• Data segment
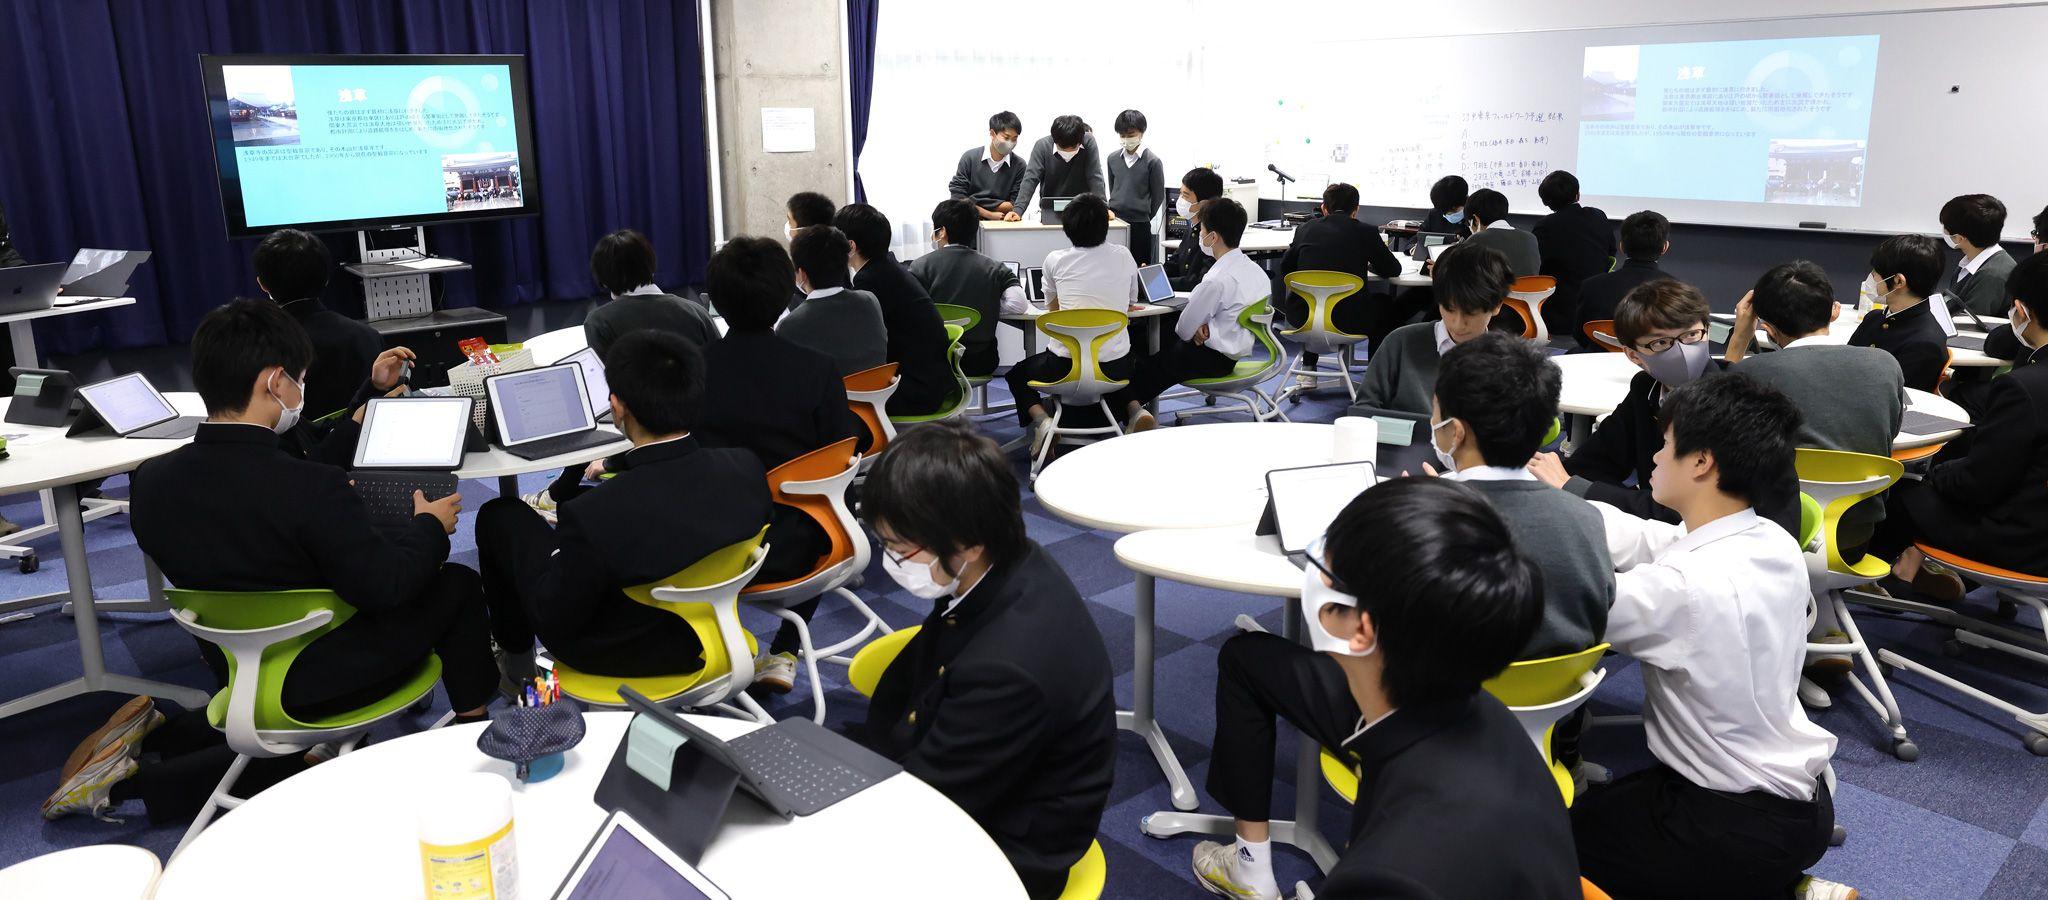 伝統の進学校「iPadをどう使うかは自由」の真意
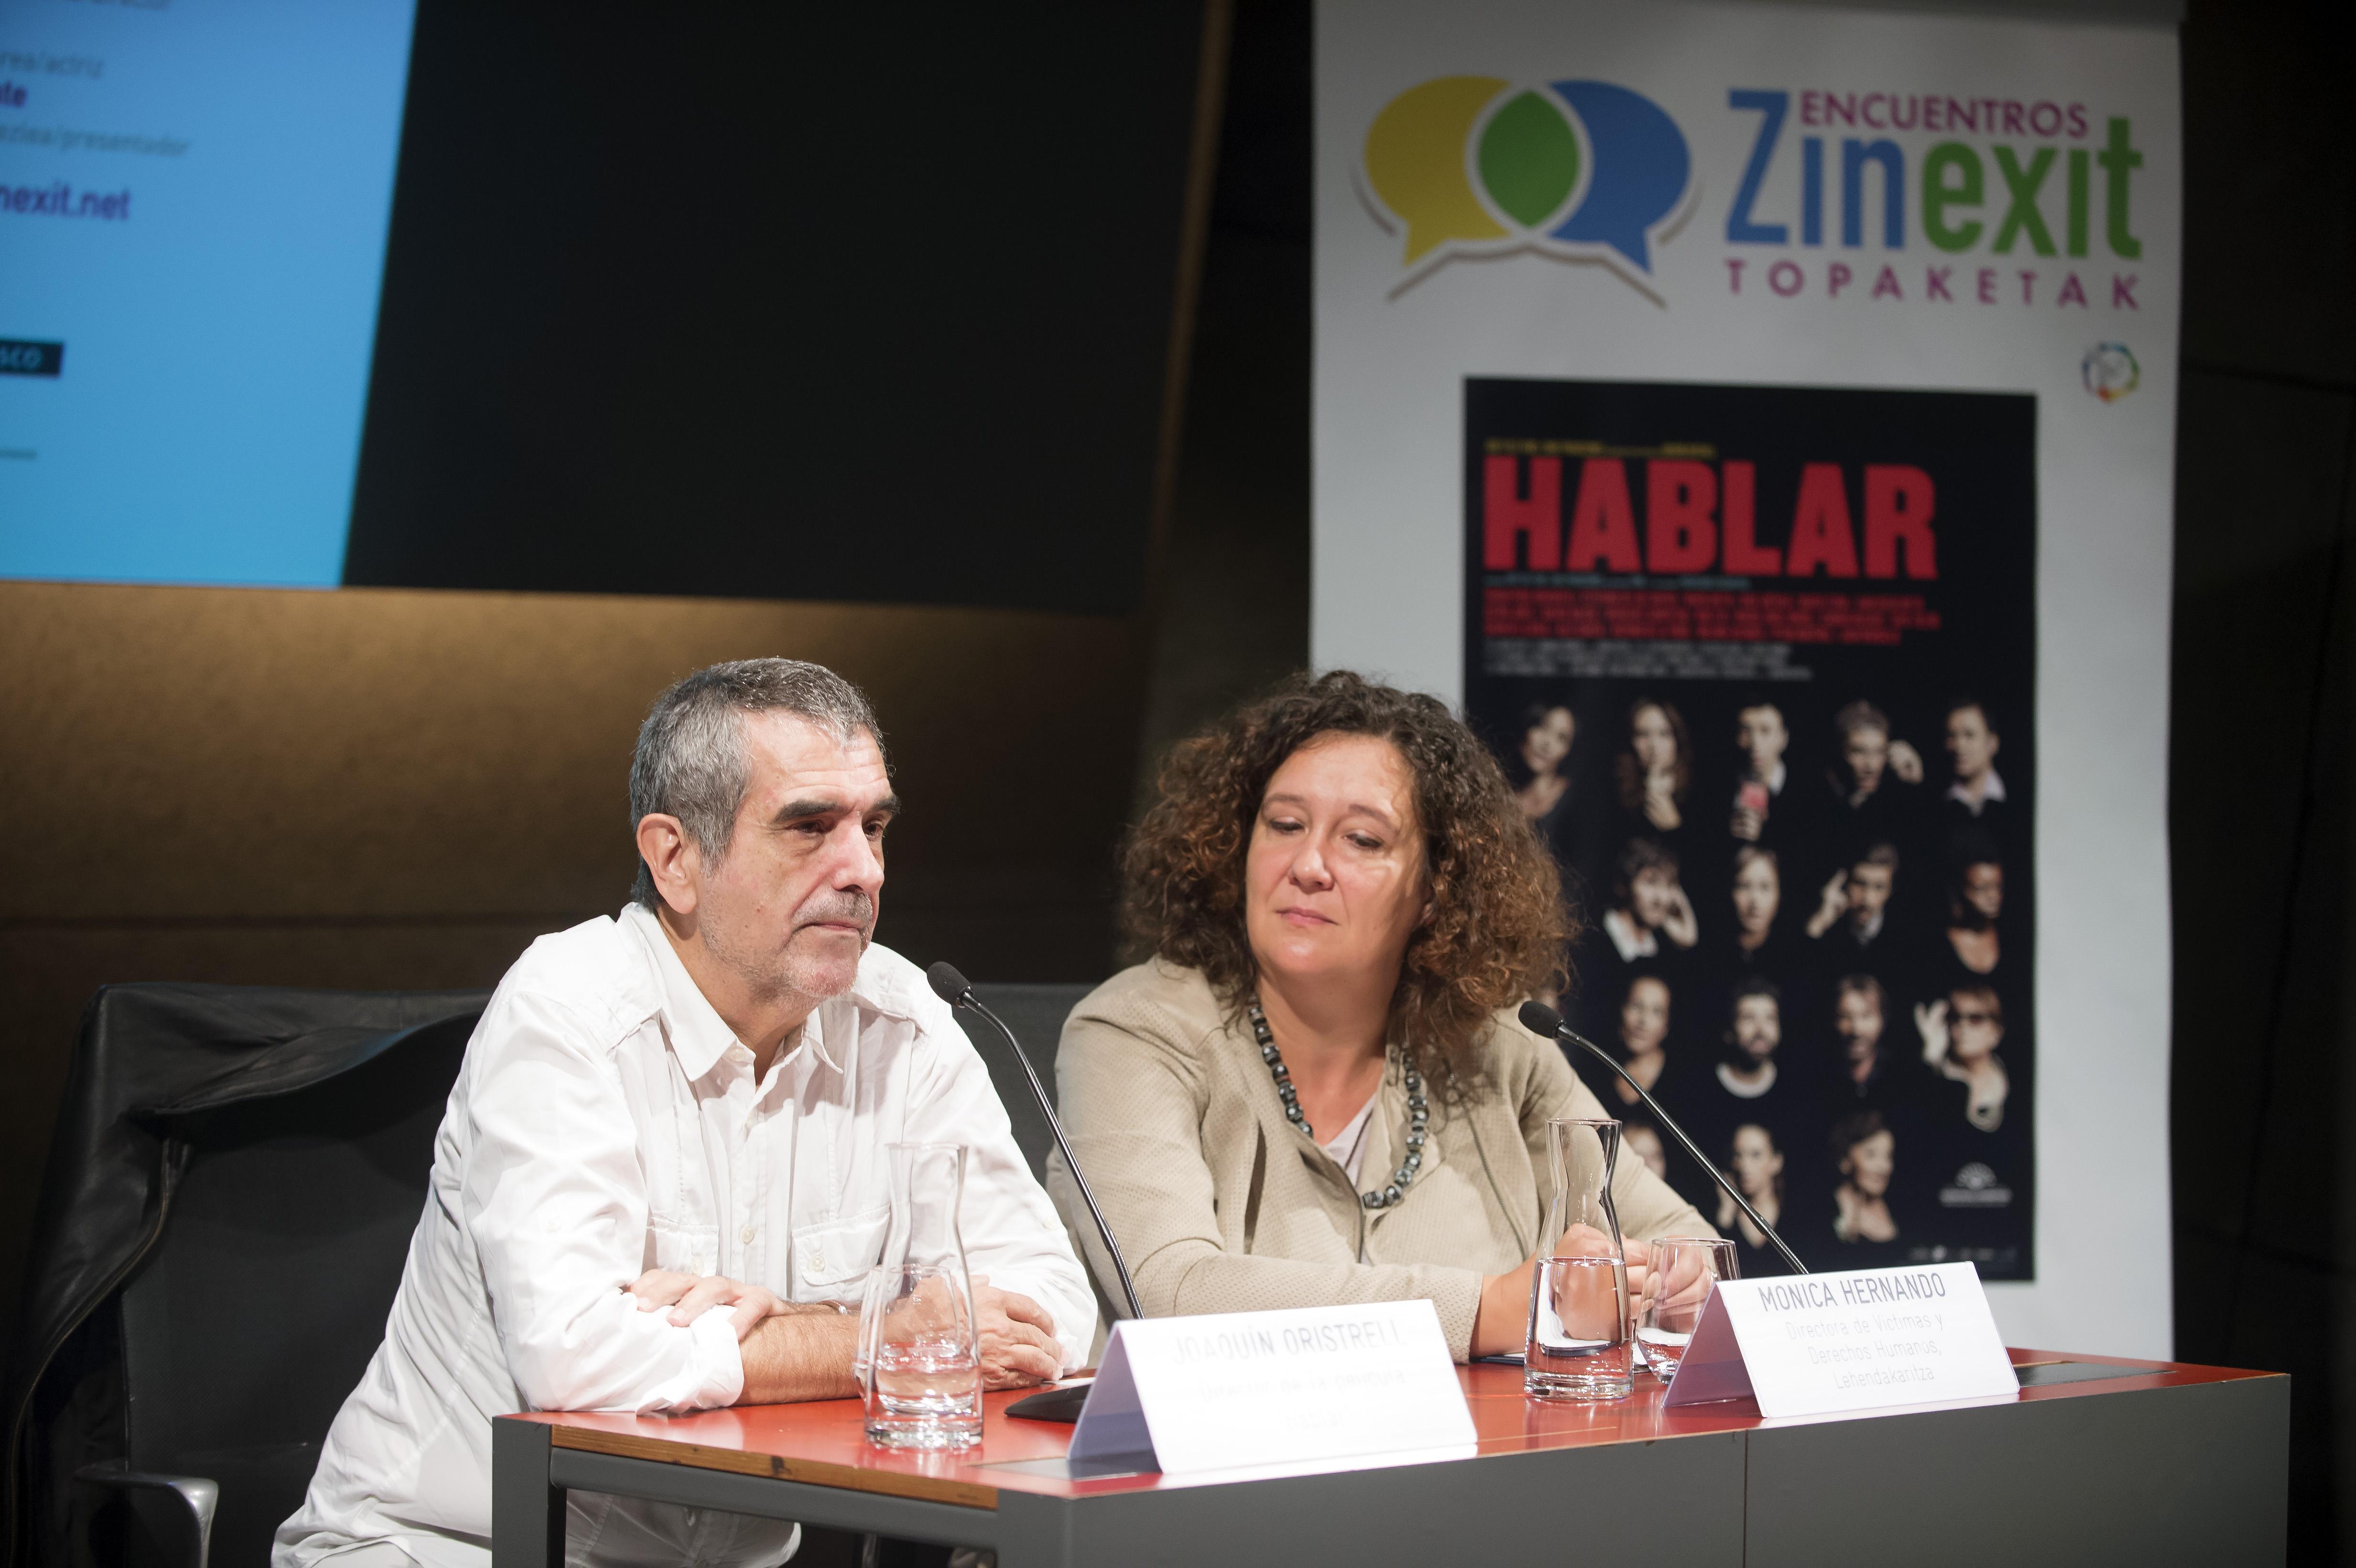 2015_09_21_hernando_zinexit_03.jpg
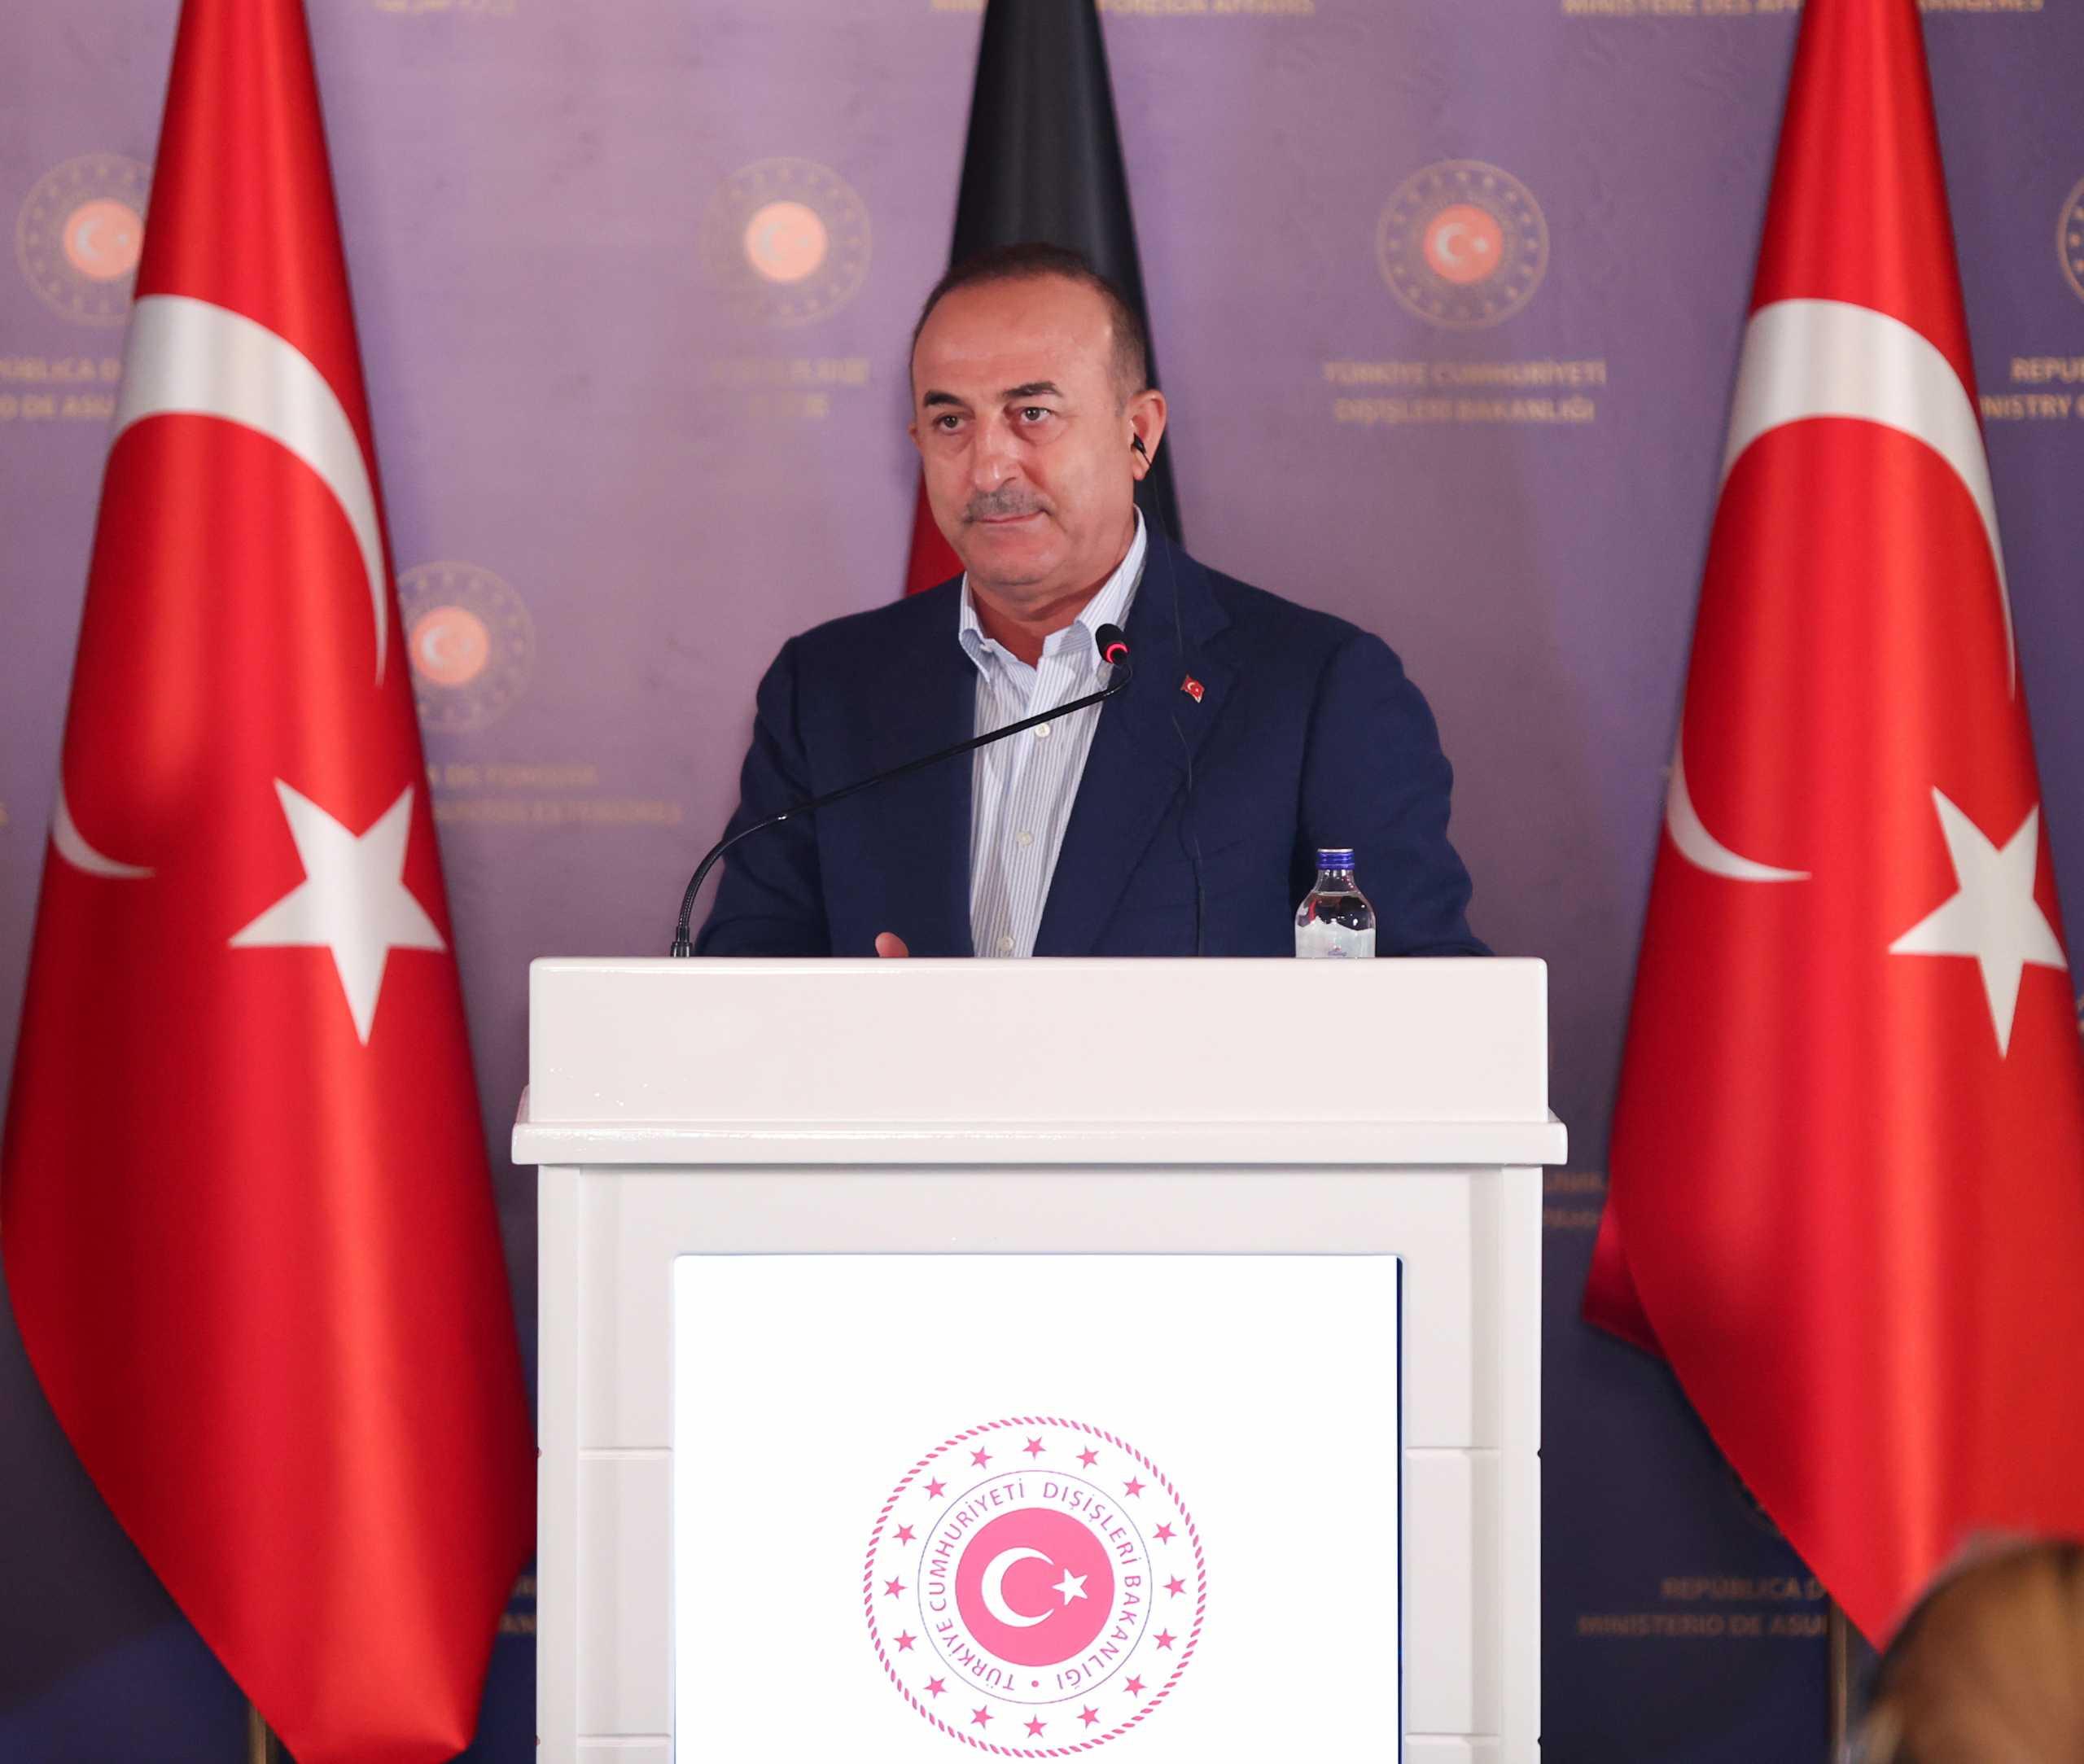 ΕΕ: Επταετή χρηματοδότηση 14,2 δις ευρώ σε Τουρκία και άλλες υπό ένταξη χώρες

• What you need to do
Quote the data exactly, leaving every image out of the copy.

• Solution
 伝統の進学校「iPadをどう使うかは自由」の真意
 2015_09_21_hernando_zinexit_03.jpg
 ΕΕ: Επταετή χρηματοδότηση 14,2 δις ευρώ σε Τουρκία και άλλες υπό ένταξη χώρες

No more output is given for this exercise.